Zoals ik ook in mijn brief in reactie op het verzoek van uw Kamer d.d. 15 april jl. (2025Z07540) heb aangegeven heeft de Raad voor de Kinderbescherming (RvdK) op eigen initiatief het Verwey-Jonker Instituut de opdracht gegeven om de aanwezigheid en impact van discriminatie en vooroordelen binnen zijn organisatie te onderzoeken. Ik waardeer het zeer dat de RvdK aandacht heeft voor dit belangrijke onderwerp.
Uit het onderzoek blijkt na een analyse van de geregistreerde gegevens van de RvdK over de jaren 2018–2023 dat het aandeel jeugdstrafzaken waarin de RvdK aan het Openbaar Ministerie adviseert om geen verdere straf op te leggen aan een jeugdige (advies sepot) iets hoger is voor jongeren met een Nederlandse achtergrond dan voor jongeren met een migratieachtergrond (d.w.z. Europa, buiten Europa en klassieke migratielanden zoals Suriname, Antillen, Turkije en Marokko), maar dat het verschil niet (statistisch) significant is. Dat is het wel als jongeren met een Nederlandse achtergrond vergeleken worden met jongeren uit alleen de klassieke migratielanden. Dan zijn de percentages waarin sepot geadviseerd wordt respectievelijk 5% versus 2%.
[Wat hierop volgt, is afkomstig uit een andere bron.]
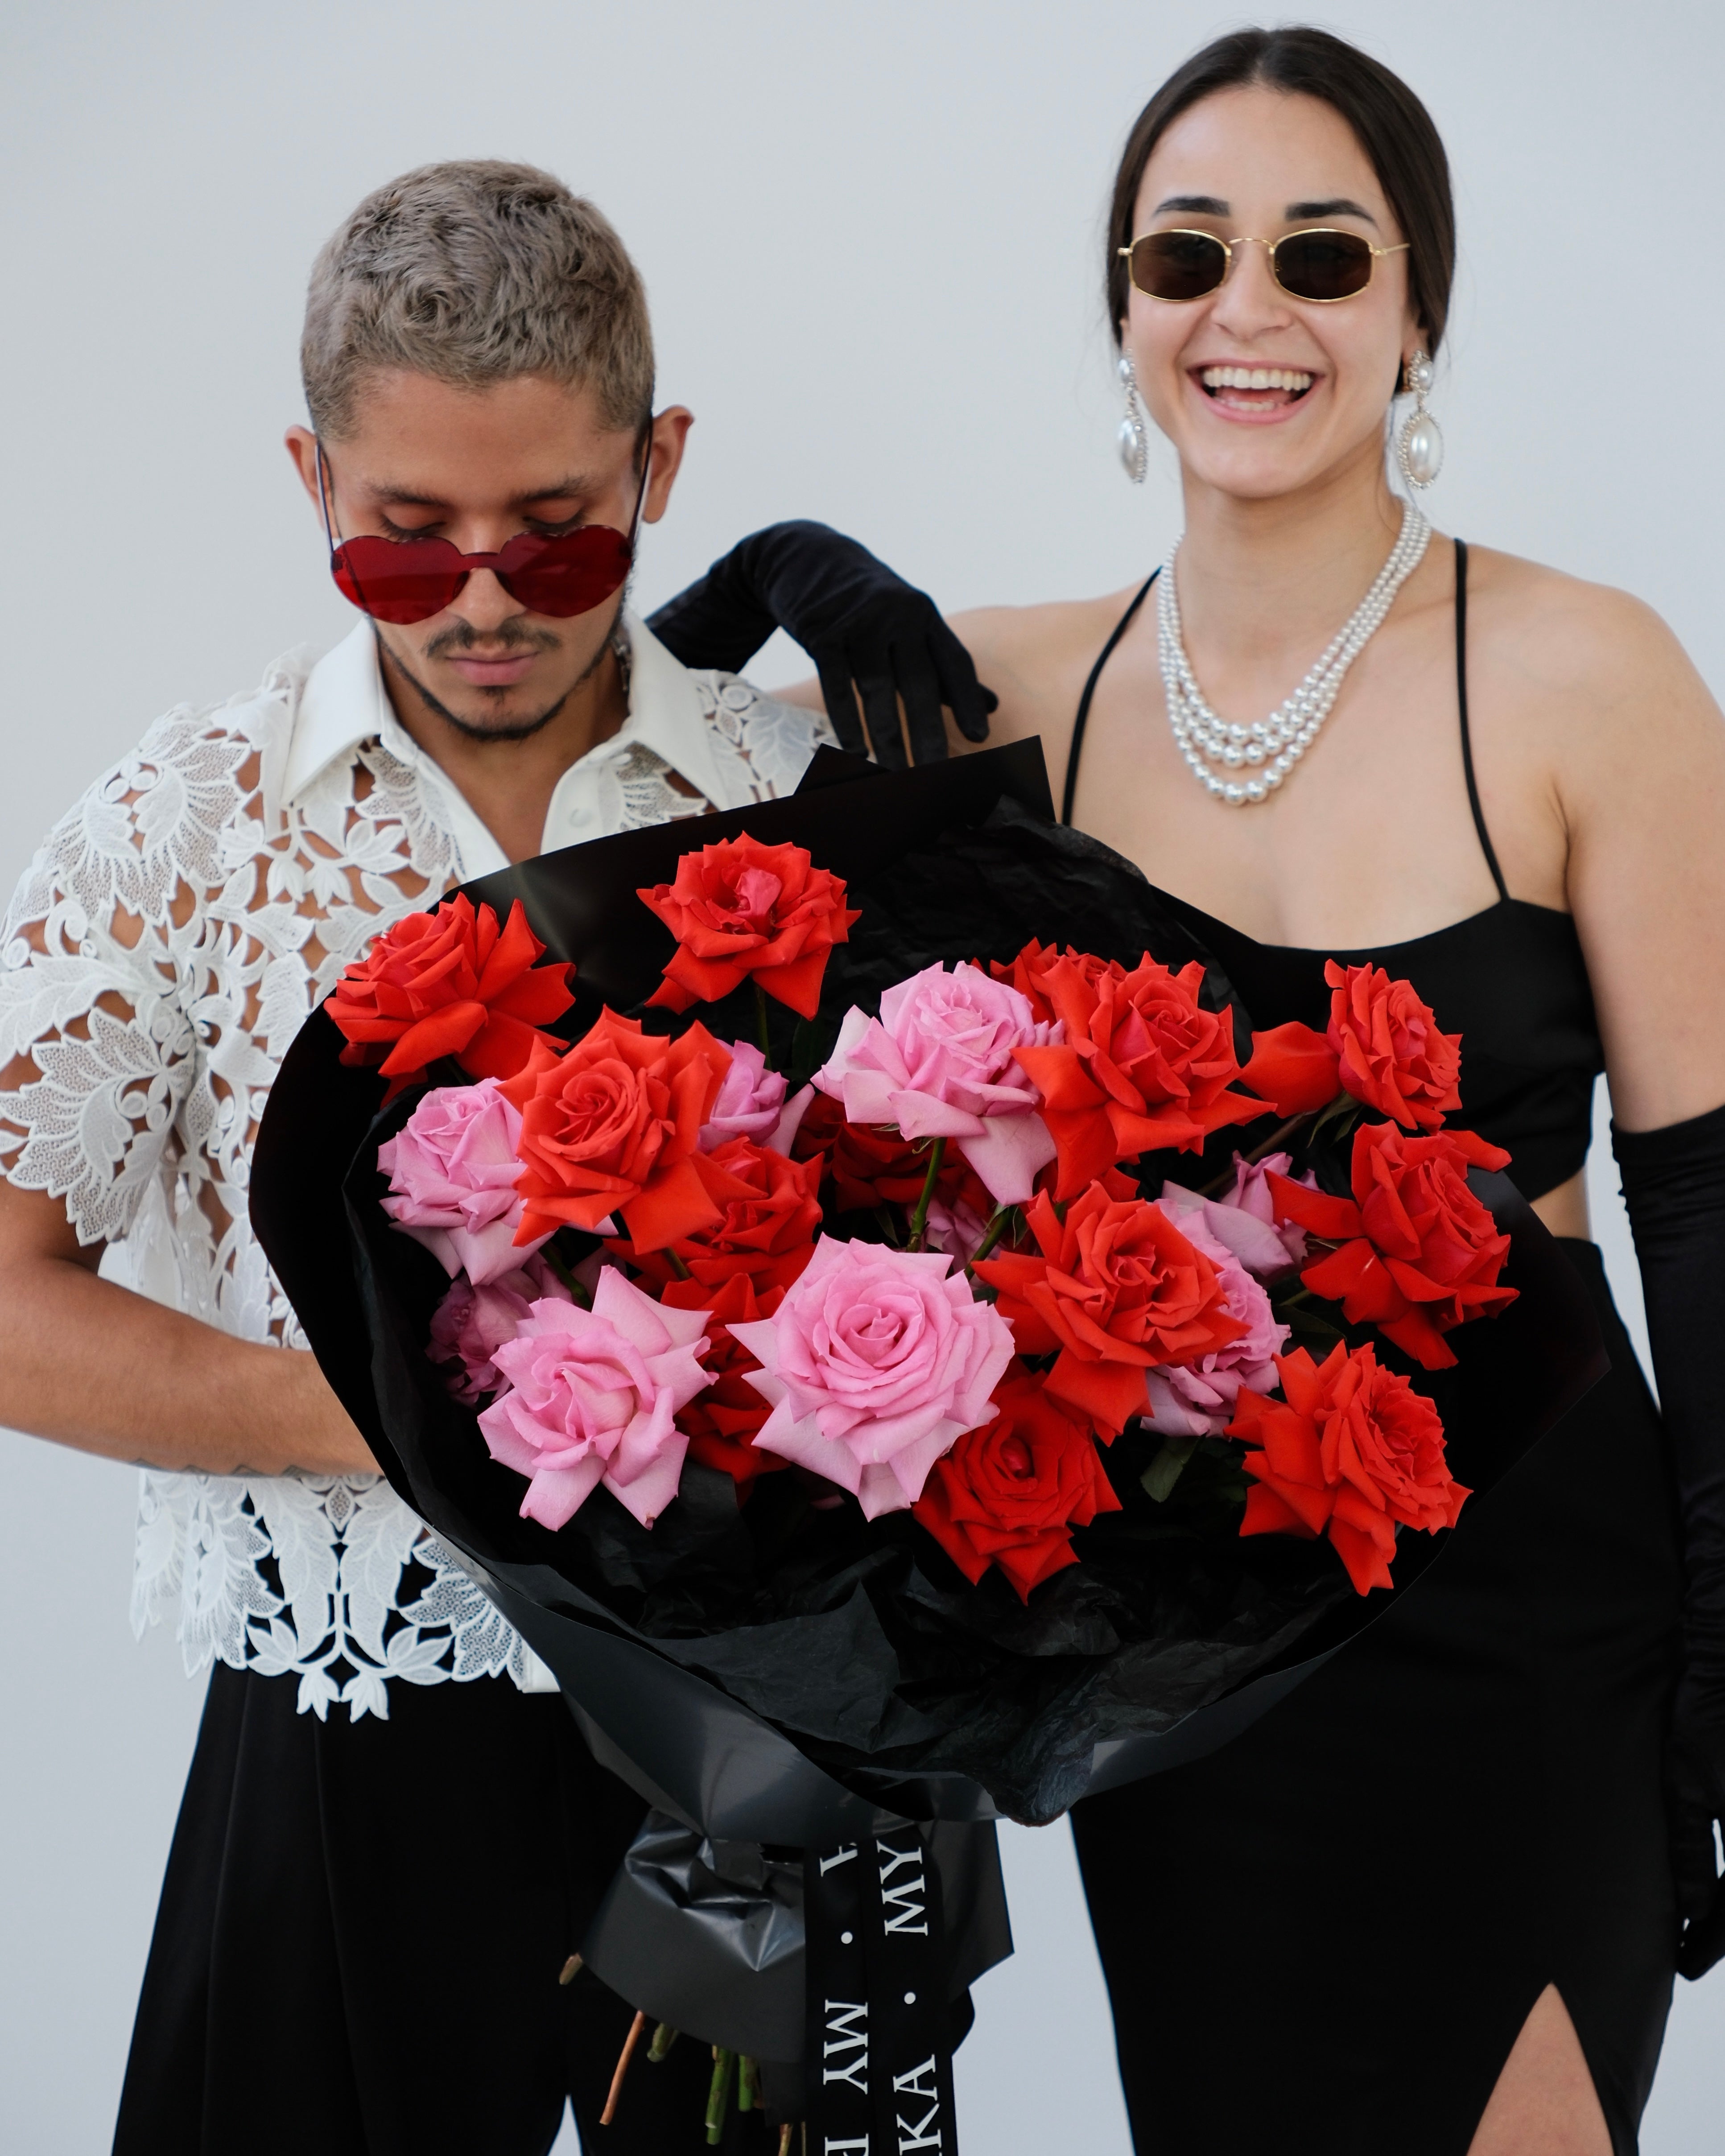 Bouquet “Sexy red” - 2 dozen roses

De RvdK heeft de wettelijke taak (artikel 77s lid 2 Sr) om aan het Openbaar Ministerie (OM) of de rechter een advies uit te brengen over een – vanuit pedagogisch oogpunt passende – straf of maatregel. Hoewel de RvdK niet adviseert over de vervolging, kan hij in het kader van zijn onderzoek ook een (on)voorwaardelijk beleidssepot adviseren. Dat kan de RvdK doen als uit het onderzoek blijkt dat een strafrechtelijke afdoening geen pedagogische meerwaarde heeft. Er wordt dan overlegd met het OM.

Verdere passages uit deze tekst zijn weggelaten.